* Problem description *
Please copy only the material from the line that has "Country English Provincial" to the very last line, both ends included, exactly as written and without pictures.

* The data *
Segment Open

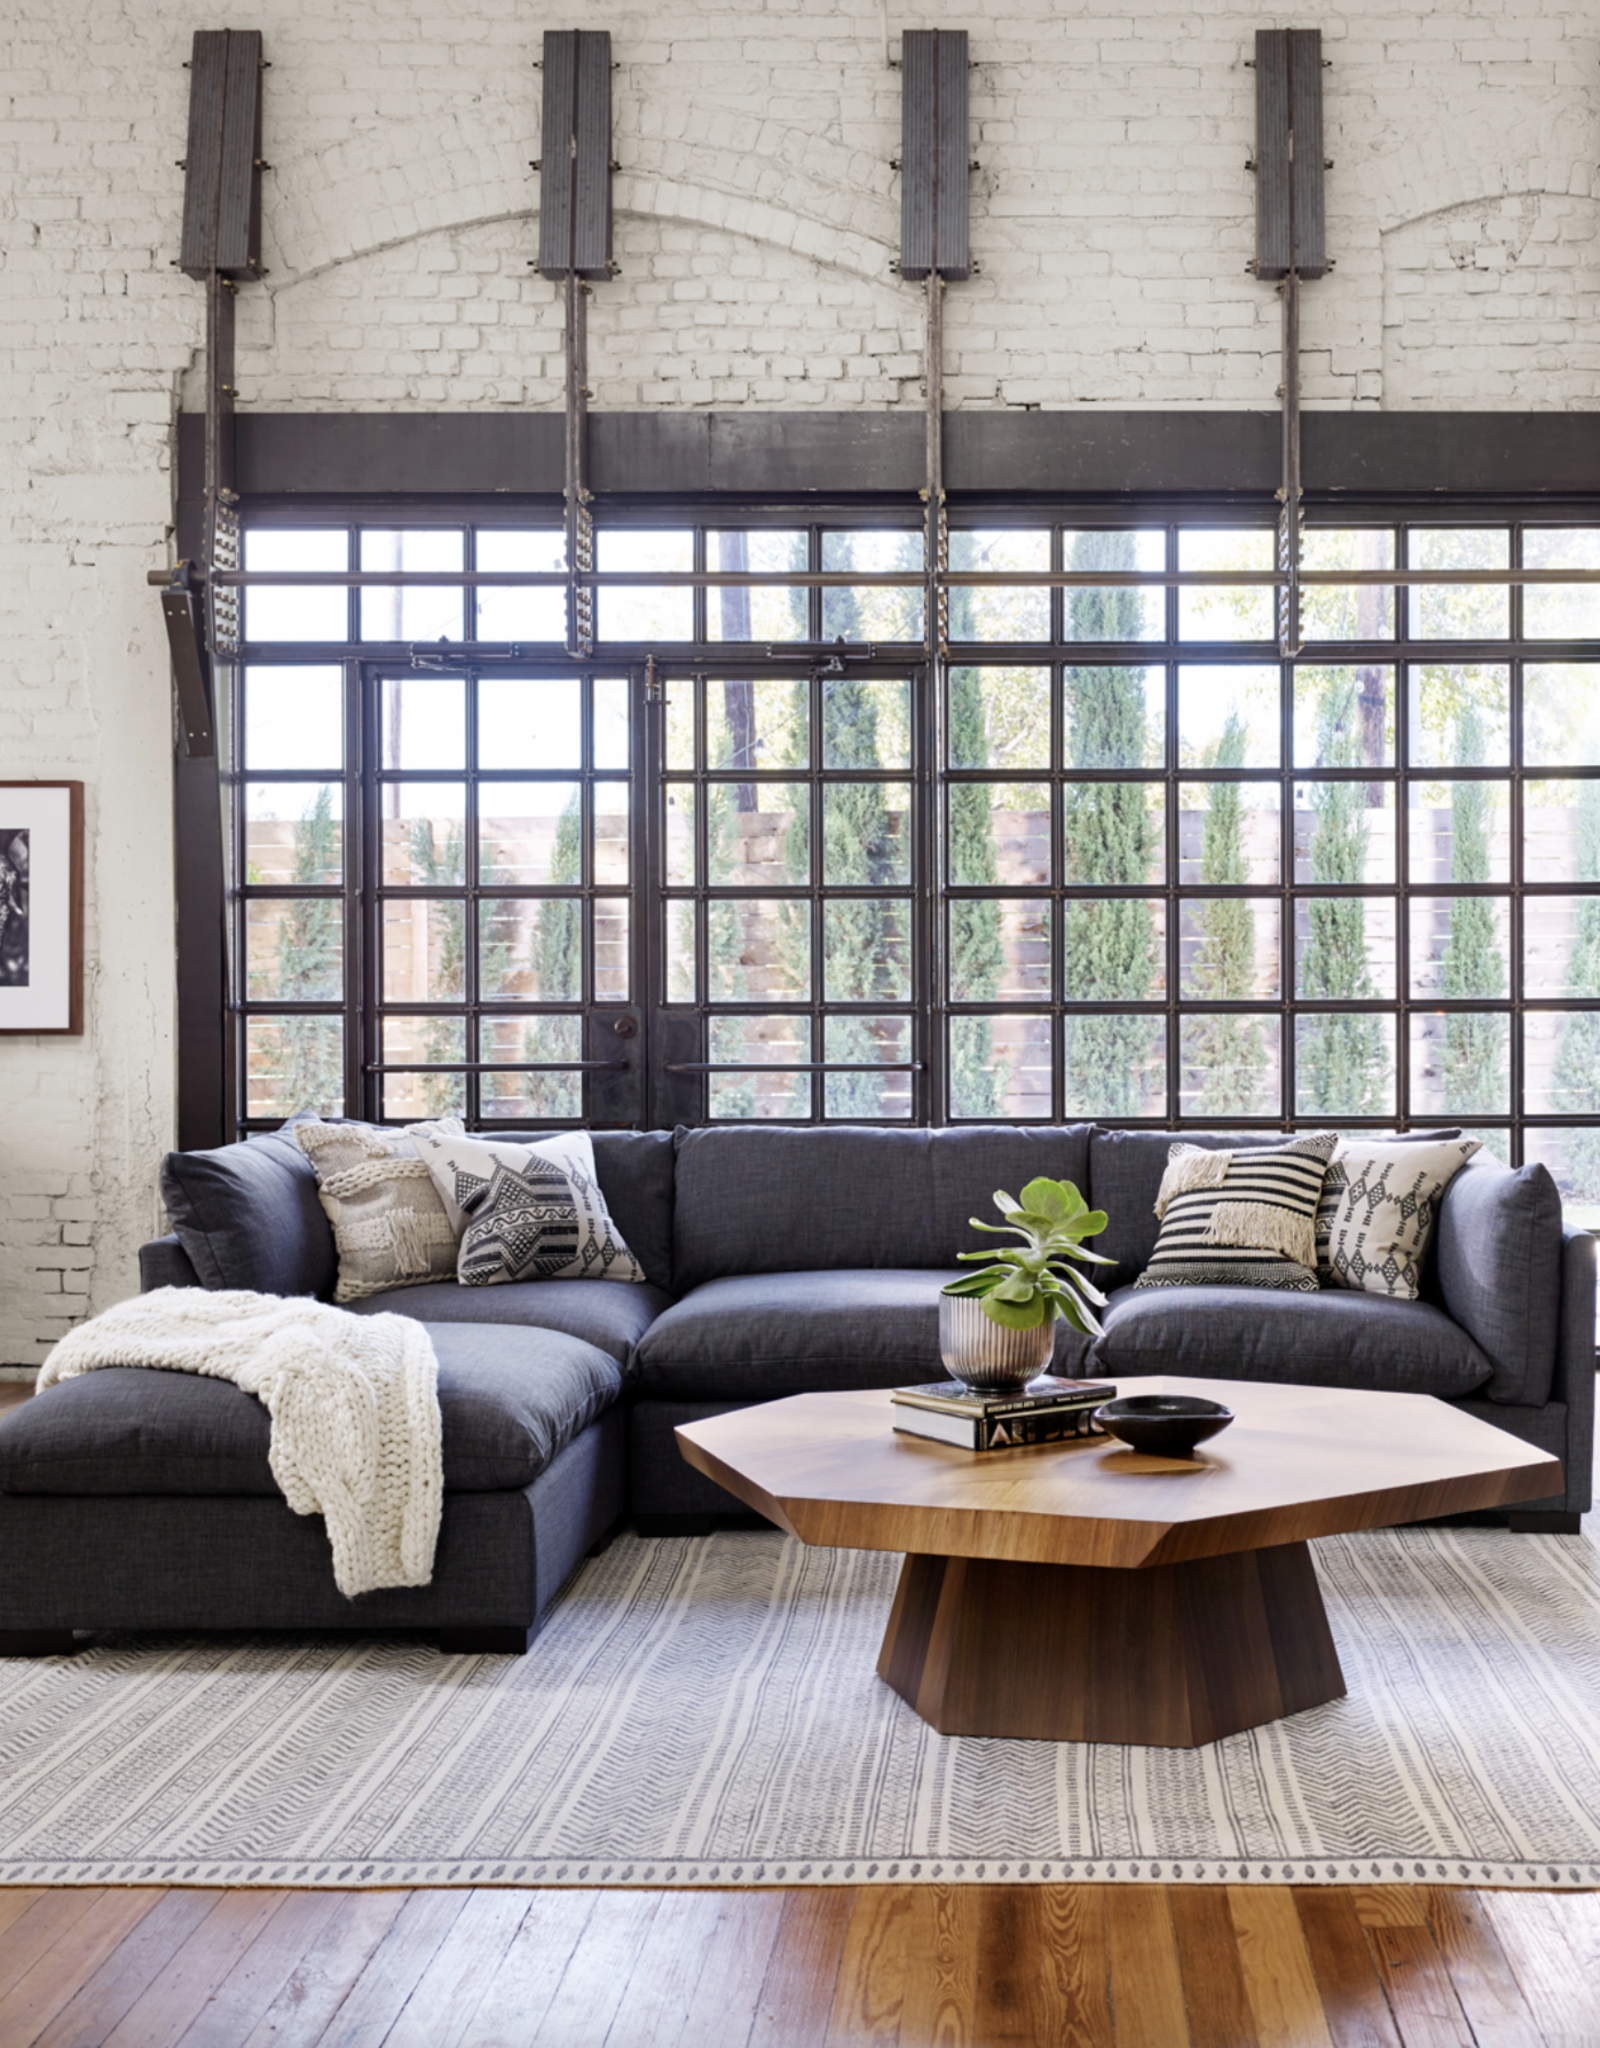 Westwood 3-Pc Sectional with Ottoman in Bennett Charcoal
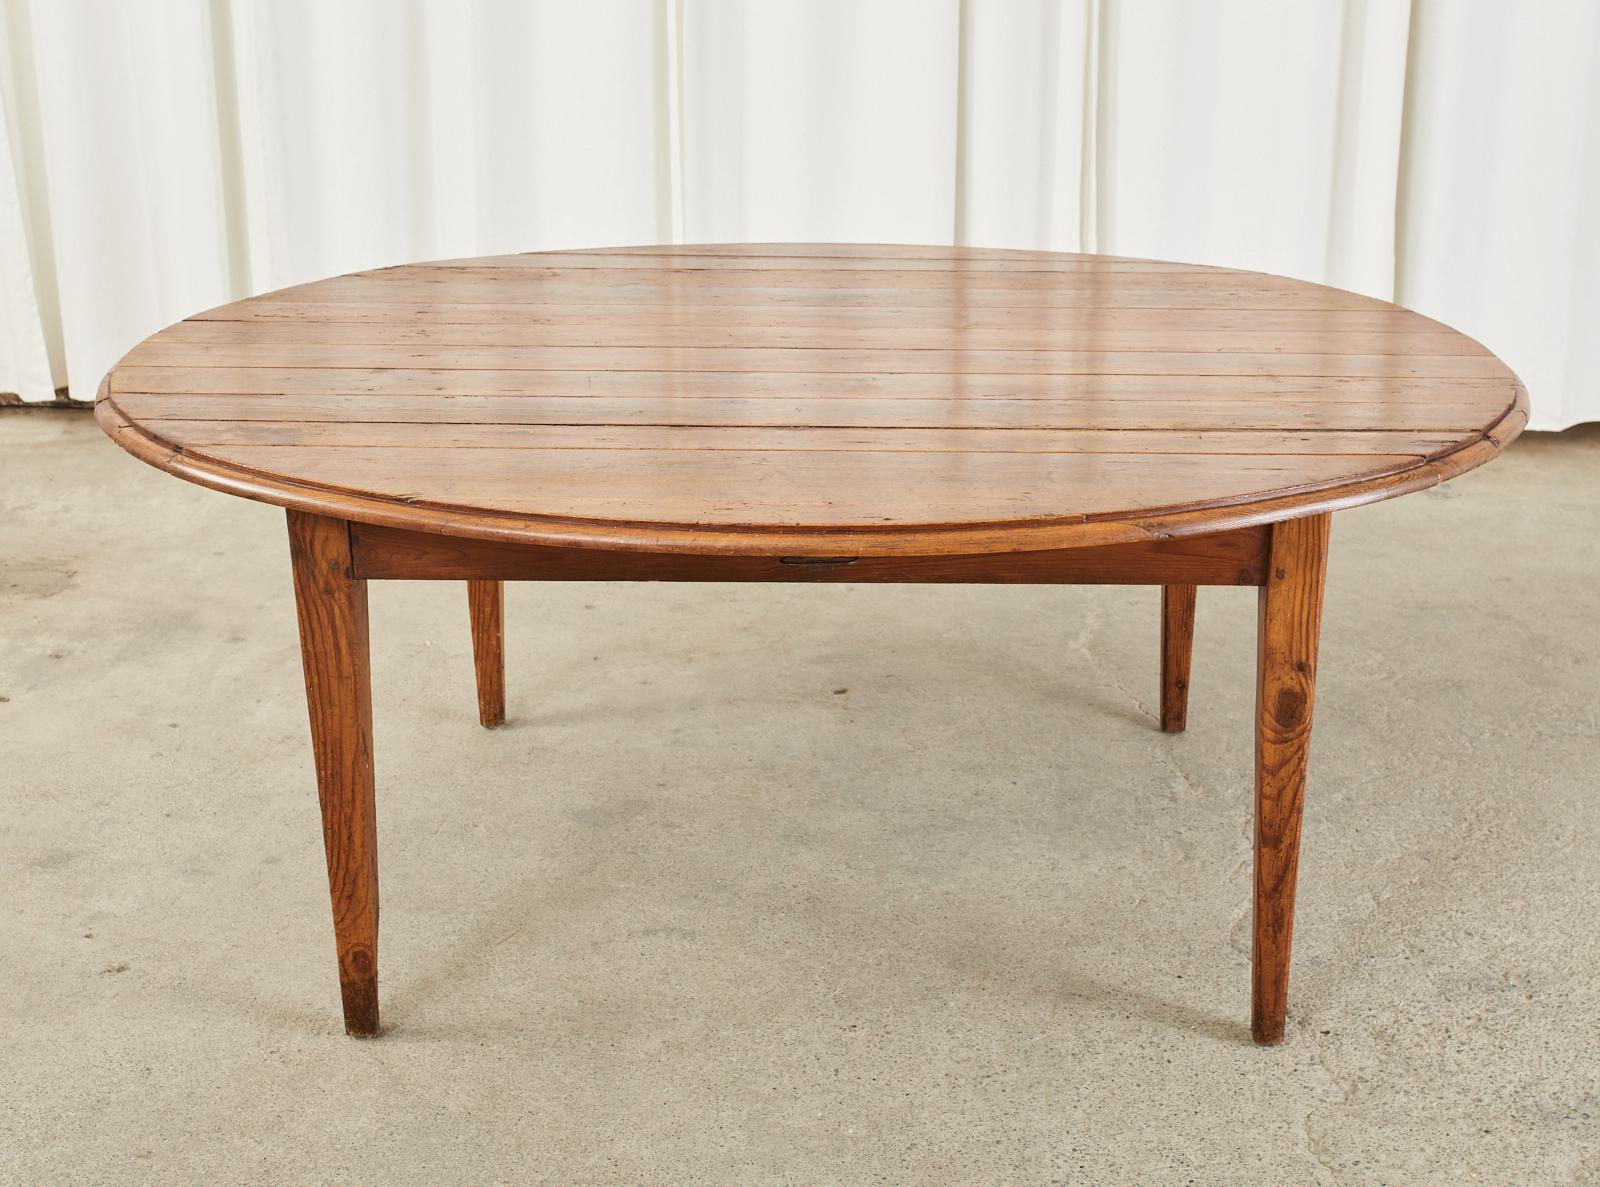 Country English Provincial Pine Farmhouse Oval Drop-Leaf Dining Table 1
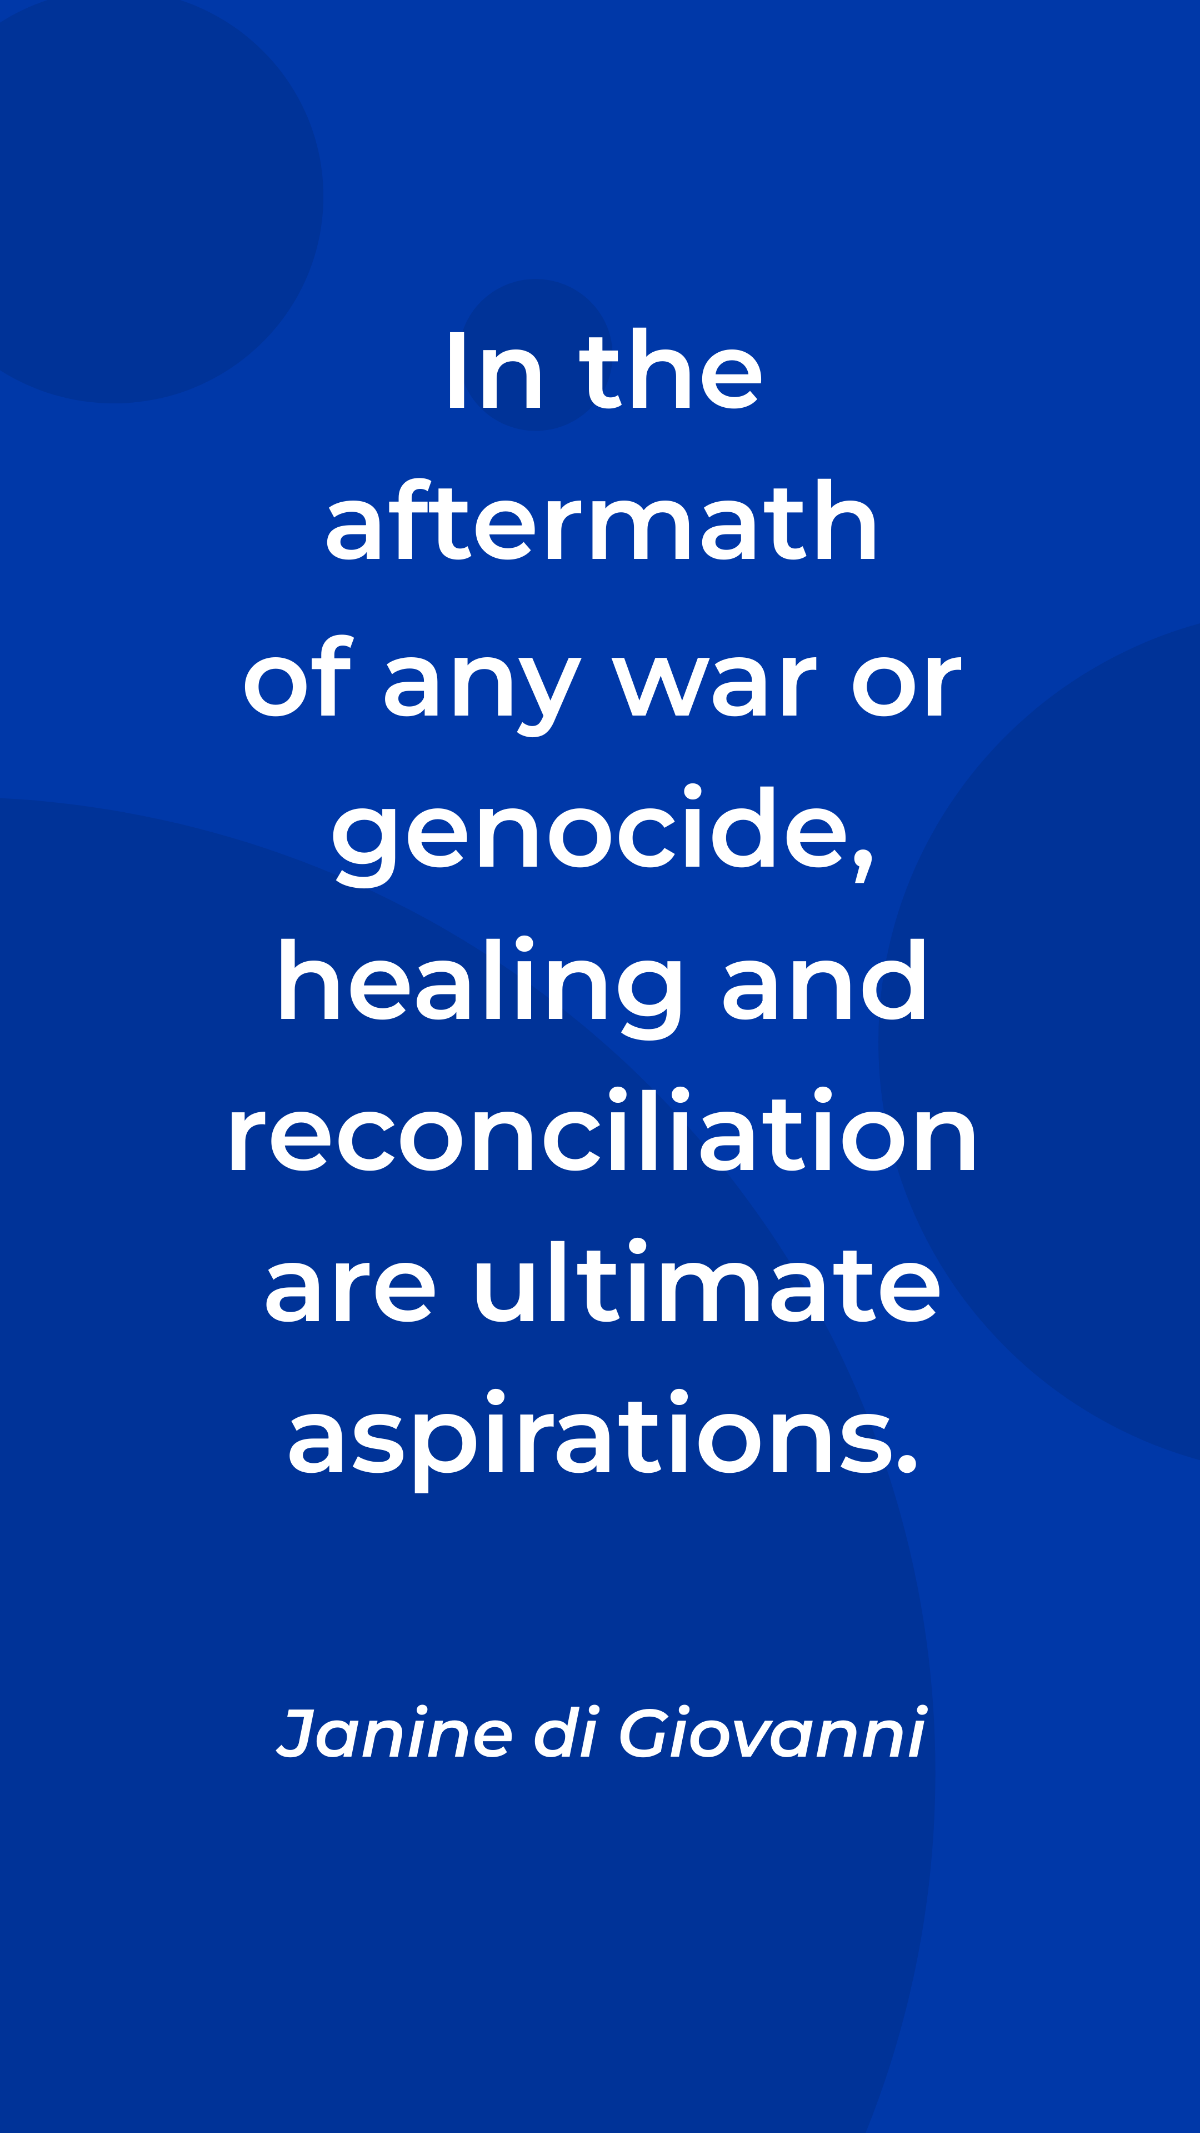 Janine di Giovanni - In the aftermath of any war or genocide, healing and reconciliation are ultimate aspirations. Template

Segment Closed

* Answer section *
 Country English Provincial Pine Farmhouse Oval Drop-Leaf Dining Table 1
 Janine di Giovanni - In the aftermath of any war or genocide, healing and reconciliation are ultimate aspirations. Template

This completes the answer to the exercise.